I’m sorry to see it end, but I understand the dramatic reasons why it has to. Creator Vince Gilligan has made good on his original premise, and the story has to end. Walter White has transformed from Mr. Chips to Scarface. Actually, he was only Mr. Chips for maybe half of the first episode, after which he cooks meth and kills a guy. That seemed like a pretty quick transition to me, but little did I know. He would go on to do so many worse things.
And yet, with the final episode of the series just around the corner…I still want Walter White to win.

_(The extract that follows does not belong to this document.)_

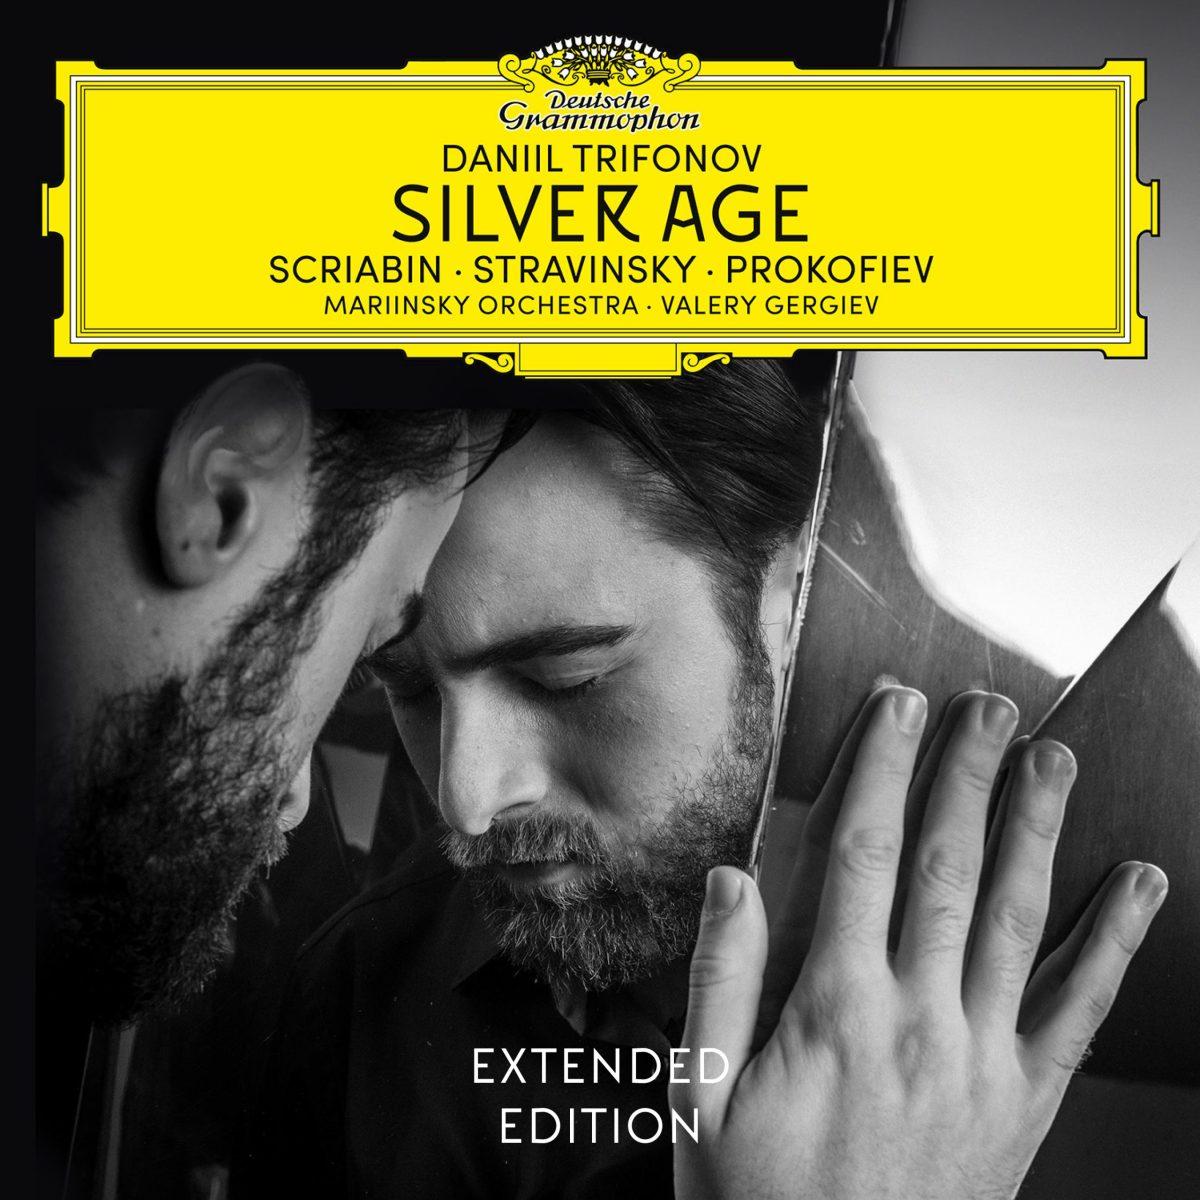 19 - Daniil Trifonov - Silver Age (Extended Edition)

Don’t get me wrong. I’m not saying Walt’s a good guy. He’s a terrible human being whose hubris and sense of entitlement have led him to do terrible things. I wouldn’t want him to succeed in real life. But dramatically, in a television series, I’ll feel very let down if he doesn’t somehow come out a winner on his own terms.
It’s a truism of good storytelling that the audience always identifies with the protagonist, no matter how terrible he or she turns out to be. I imagine it’s related to psychological transference — when you spend enough time with the character, the protagonist’s friends start to feel like your friends, his family starts to feel like your family, his enemies start to feel like your enemies. So even knowing the protagonist is a terrible person, we find our mood rising and falling with his fortunes. Tony Soprano was a good example of this — a violent, petty, lying thug. But when we saw the world through his eyes for an hour, we could feel his pain.
(Shows like Game of Thrones depend on this idea. The show plays out on such a large scale and supports so many story lines that it actually has several protagonists, which makes it all the more involving when they try to kill each other, and all the more painful when they succeed.)
I’m not even sure what it would mean for Walt to win.
(Spoiler alert for potentially every episode before the last one.)
Living happily ever after isn’t possible. None of Walt’s tricks can cure cancer. His time is running out. Of course, since survival is off the table, he’s got nothing to lose, which only makes him more dangerous. But whatever he aims to do, it can’t just be dying. He’s going to want to see his victory before he goes. But what does victory look like?
From the very beginning, Walt has always been motivated by the desire to make sure his family is well taken care of after he’s gone. Other than his Chrysler 300C SRT8, Walter hasn’t spent his money on anything extravagant for himself. (The only other luxury I can think of is a tankless water heater, and that was really for the house.) But leaving something for his family, that’s his obsession. His single-minded pursuit of this goal has actually cost him his family, but he can’t see that. His ego still tells him he’s doing something good for Skyler and Walt Jr…if only they’d see it his way.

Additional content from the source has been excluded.